# NEED HELP ASAP !!!!



## zdawgz (Aug 31, 2014)

what is the best solution to minimize nitrate ?


----------



## DJRansome (Oct 29, 2005)

Water change is an instant fix. Be careful about changing too much all at once if your fish have become accustomed to the high nitrates over a long period of time (like months).


----------



## zdawgz (Aug 31, 2014)

i have a 40g tank so if i take 1 bucket of water out would that be enough ? how many times a week should i do it ?


----------



## freelanderuk (Jun 26, 2014)

How big is the bucket , 10 gallon gives you a 25℅ water change, as for how often this would depend on stock list and what filter your running


----------



## zdawgz (Aug 31, 2014)

the bucket is 24cm high x 27cm wide


----------



## freelanderuk (Jun 26, 2014)

Bucket holds about 1gallon


----------



## zdawgz (Aug 31, 2014)

sweet thank you very much


----------



## GTZ (Apr 21, 2010)

zdawgz said:


> i have a 40g tank so if i take 1 bucket of water out would that be enough ? how many times a week should i do it ?


Your water change schedule and amount is determined by measuring nitrates before and after each water change.
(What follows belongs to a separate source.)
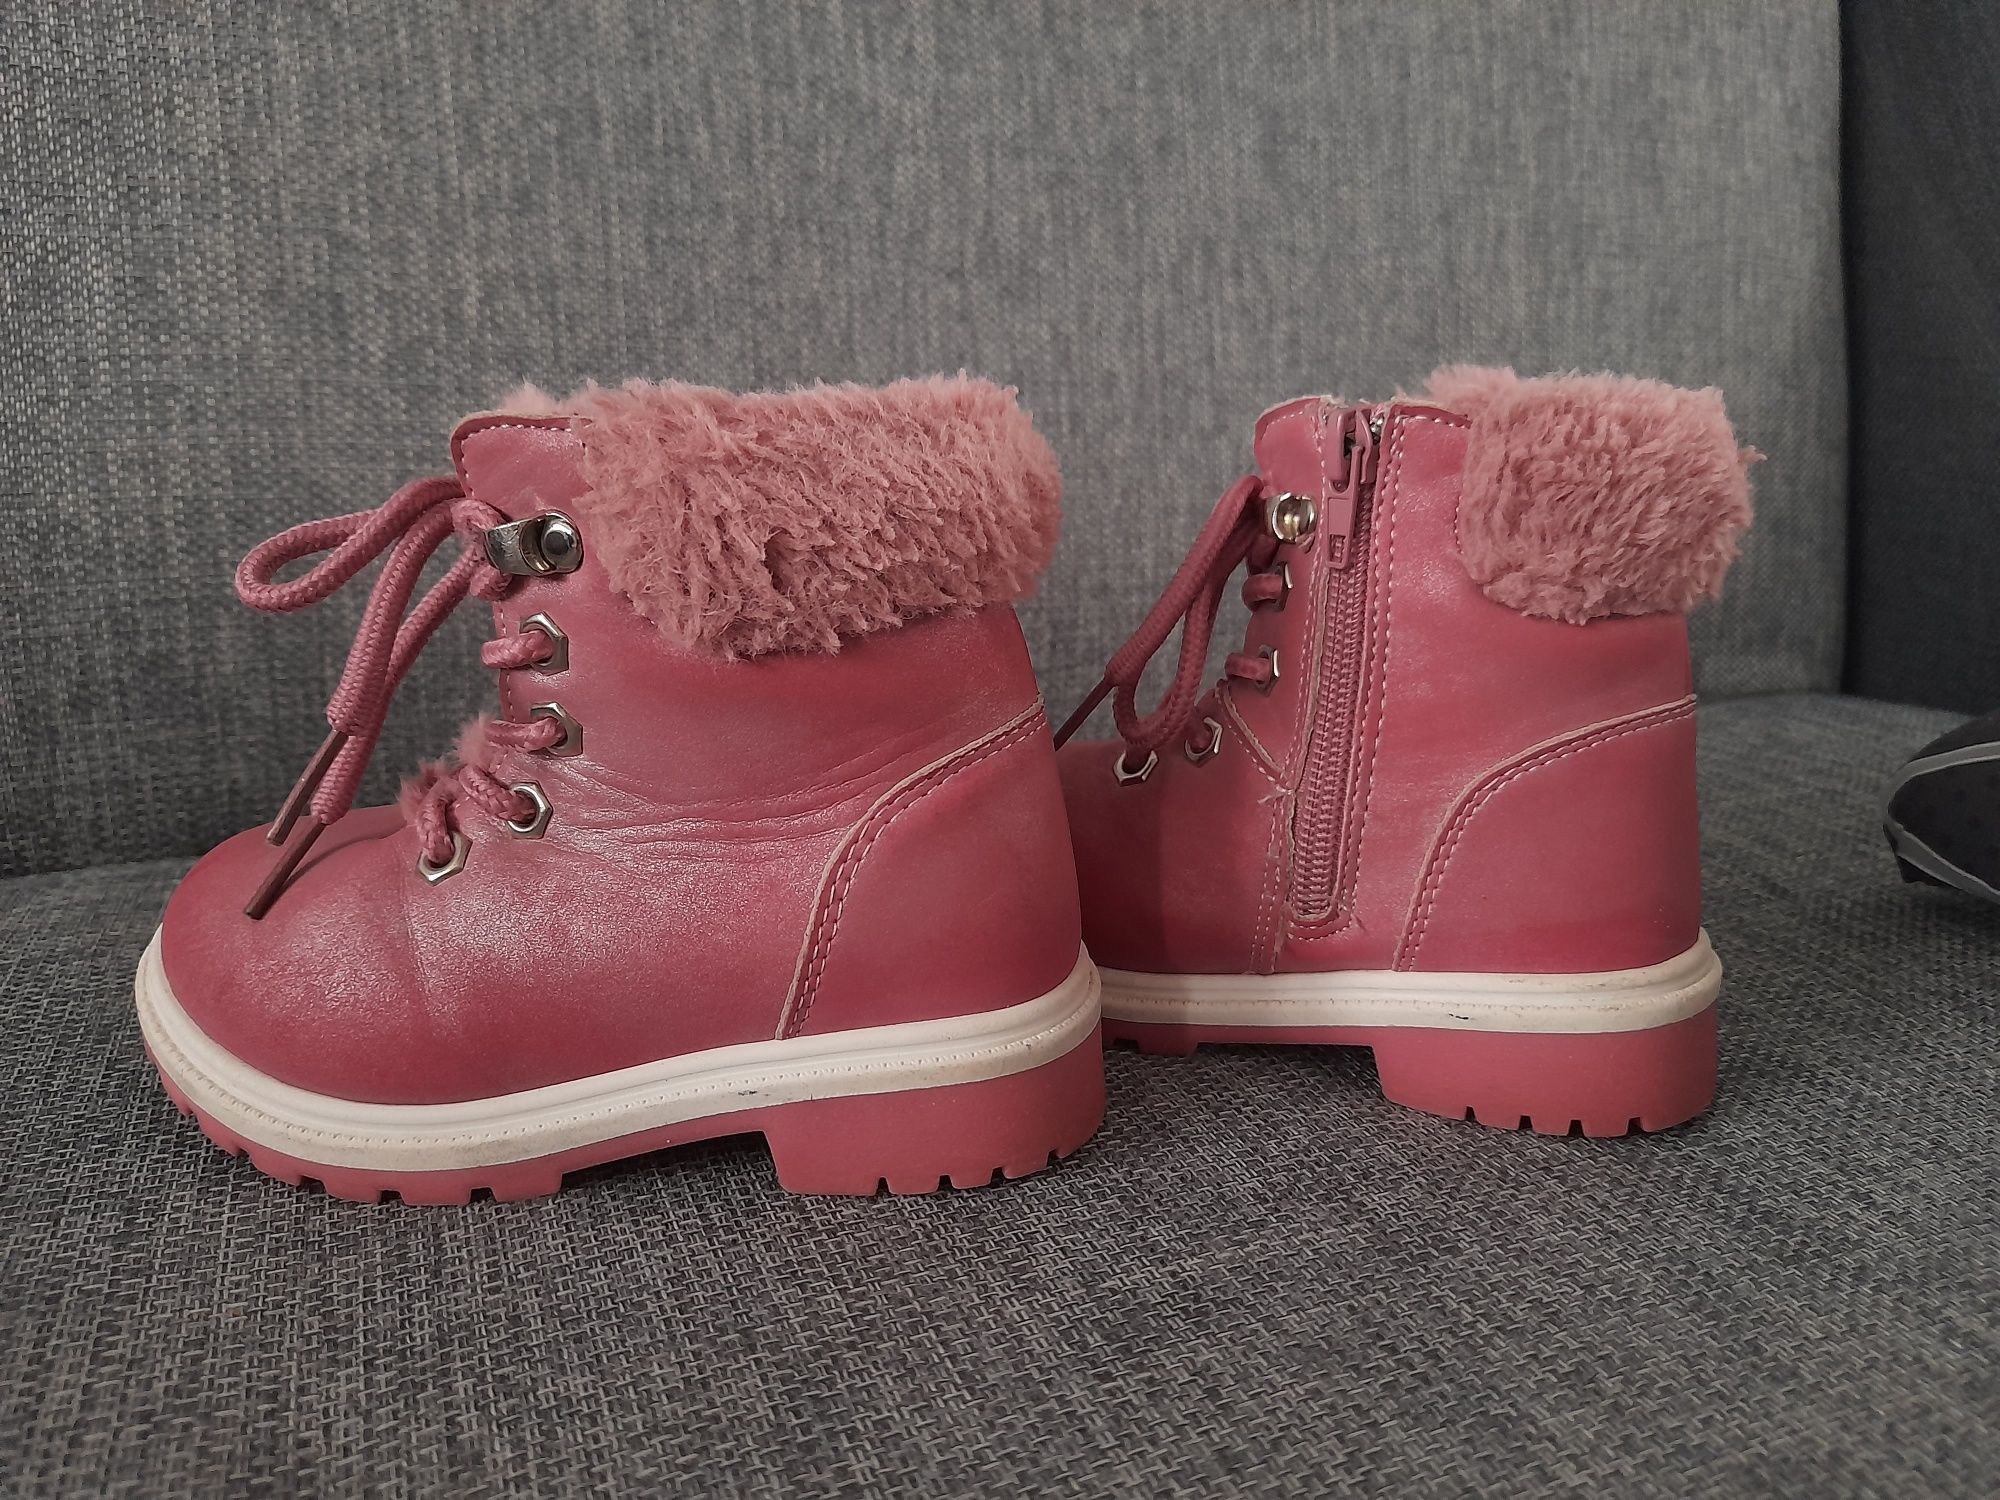 Buty zimowe dla dziewczynki - rozm. 23 - PEPCO
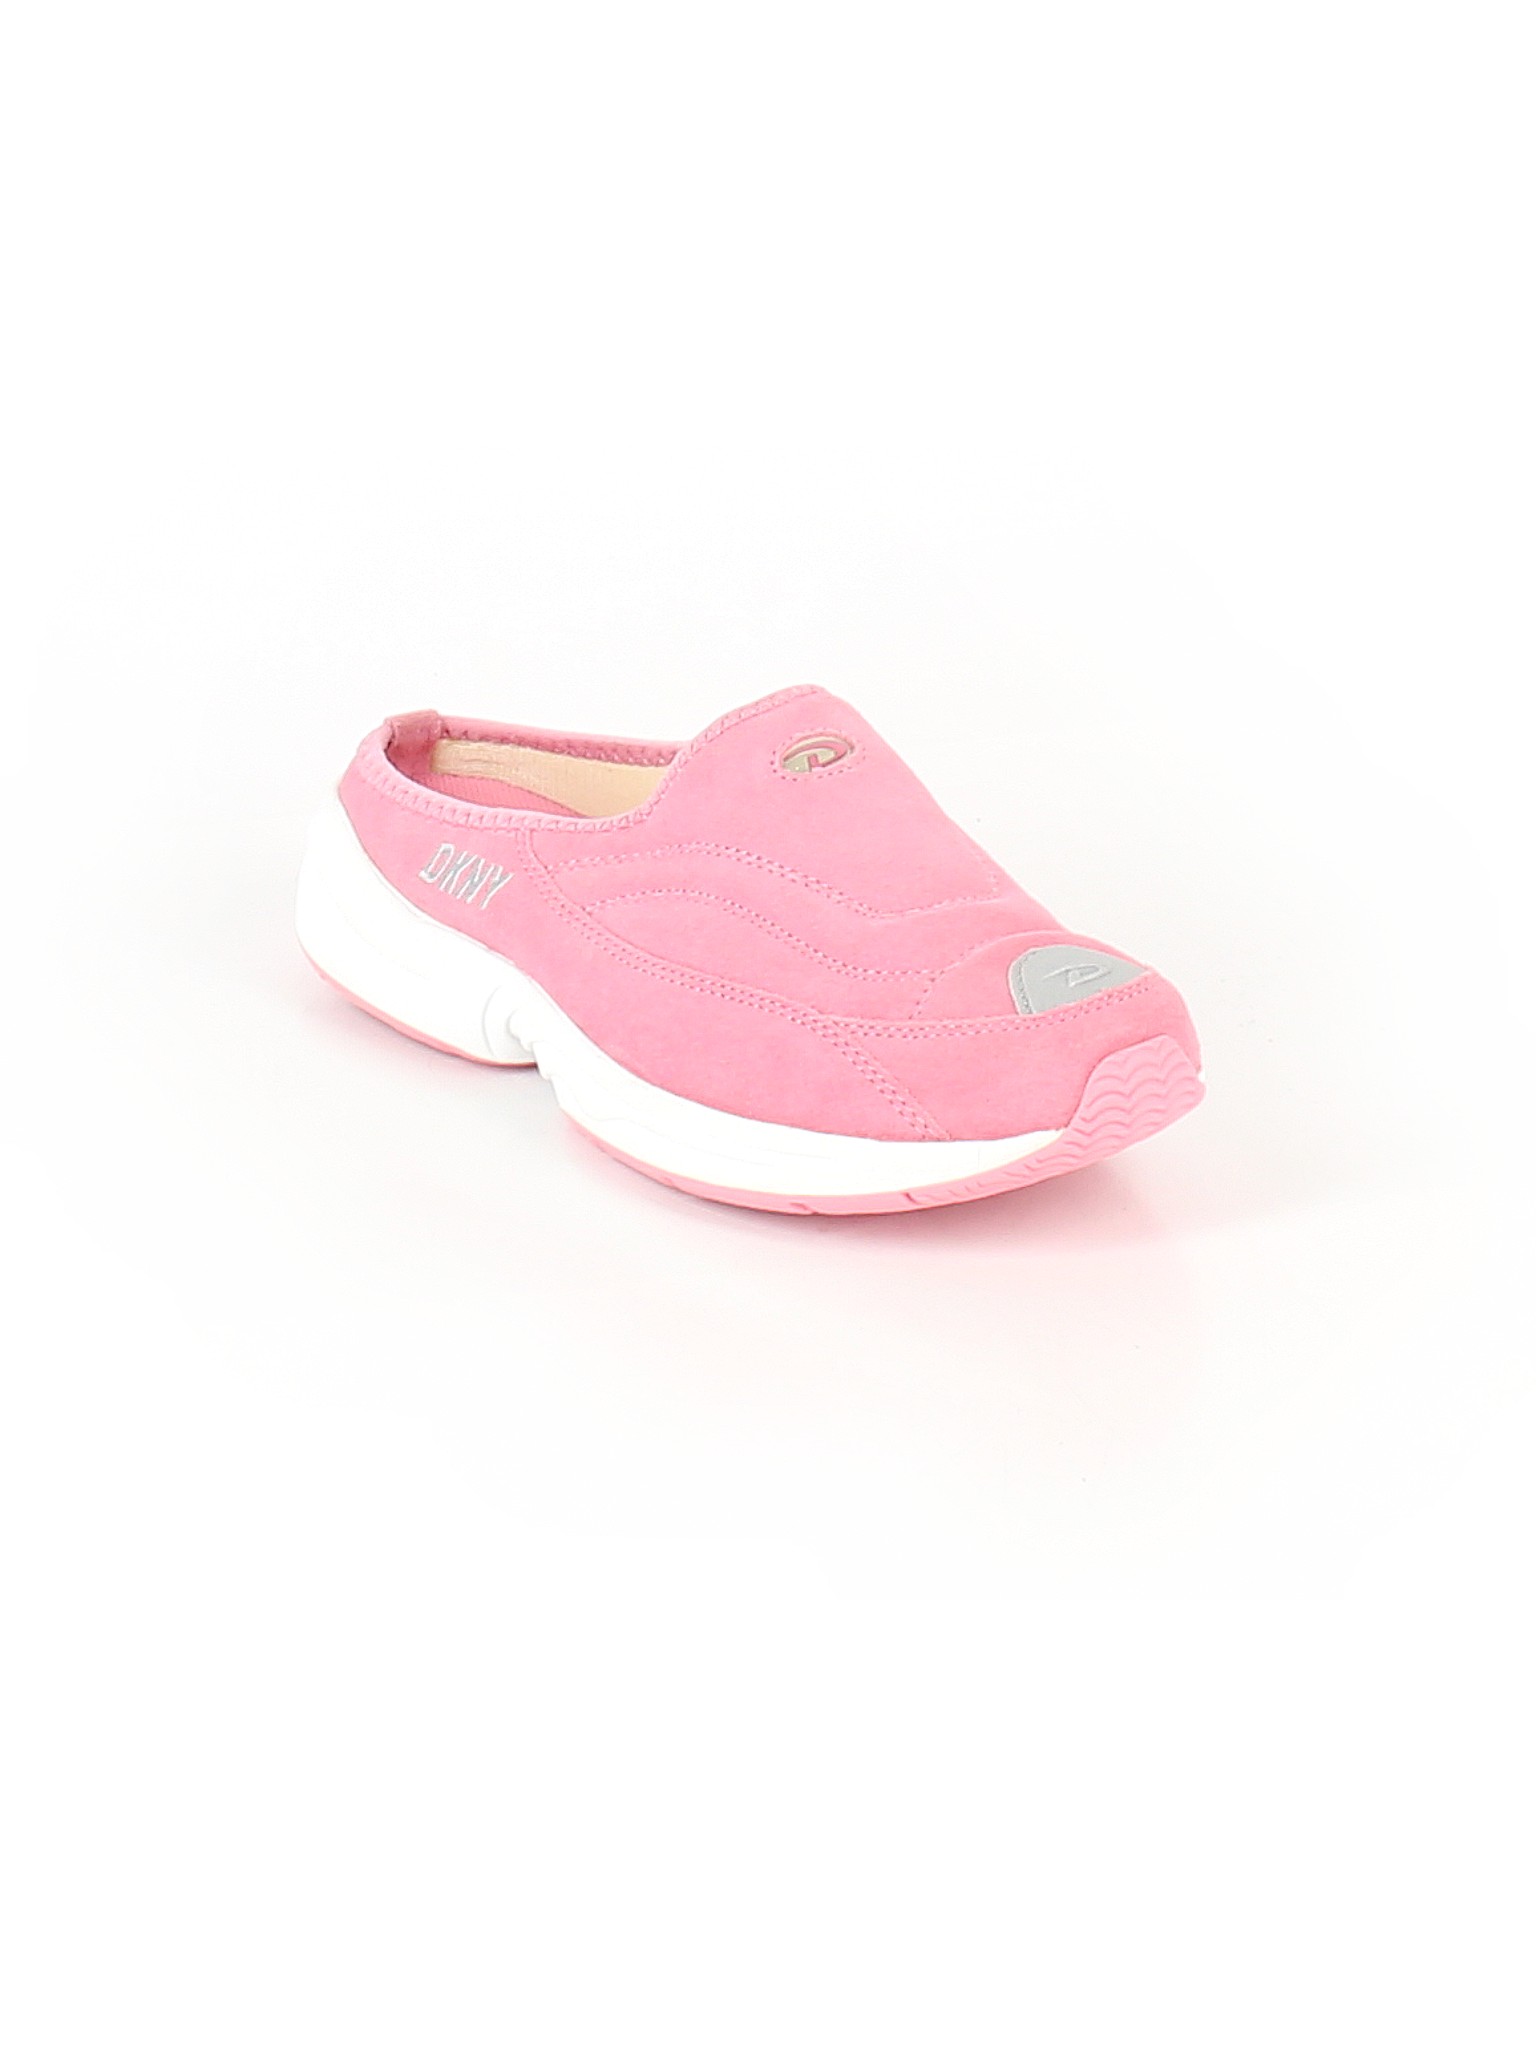 dkny pink sneakers

Too high a reading before or after indicates that you should be changing a larger amount and/or more often.


----------



## JebusCHI (Jan 9, 2012)

The amount of fish in the tank will dictate how much to change, be careful overfeeding them and cut back a little I'd you can. I would do them once a week about 8 - 12 gallons, more in the beginning to lower the nitrates and get to a regiment that will slowly eliminate them.


----------



## earled (Jan 3, 2013)

I change 80% of my water every 7-10 days. I have an large oscar in a 90 gallon tank


----------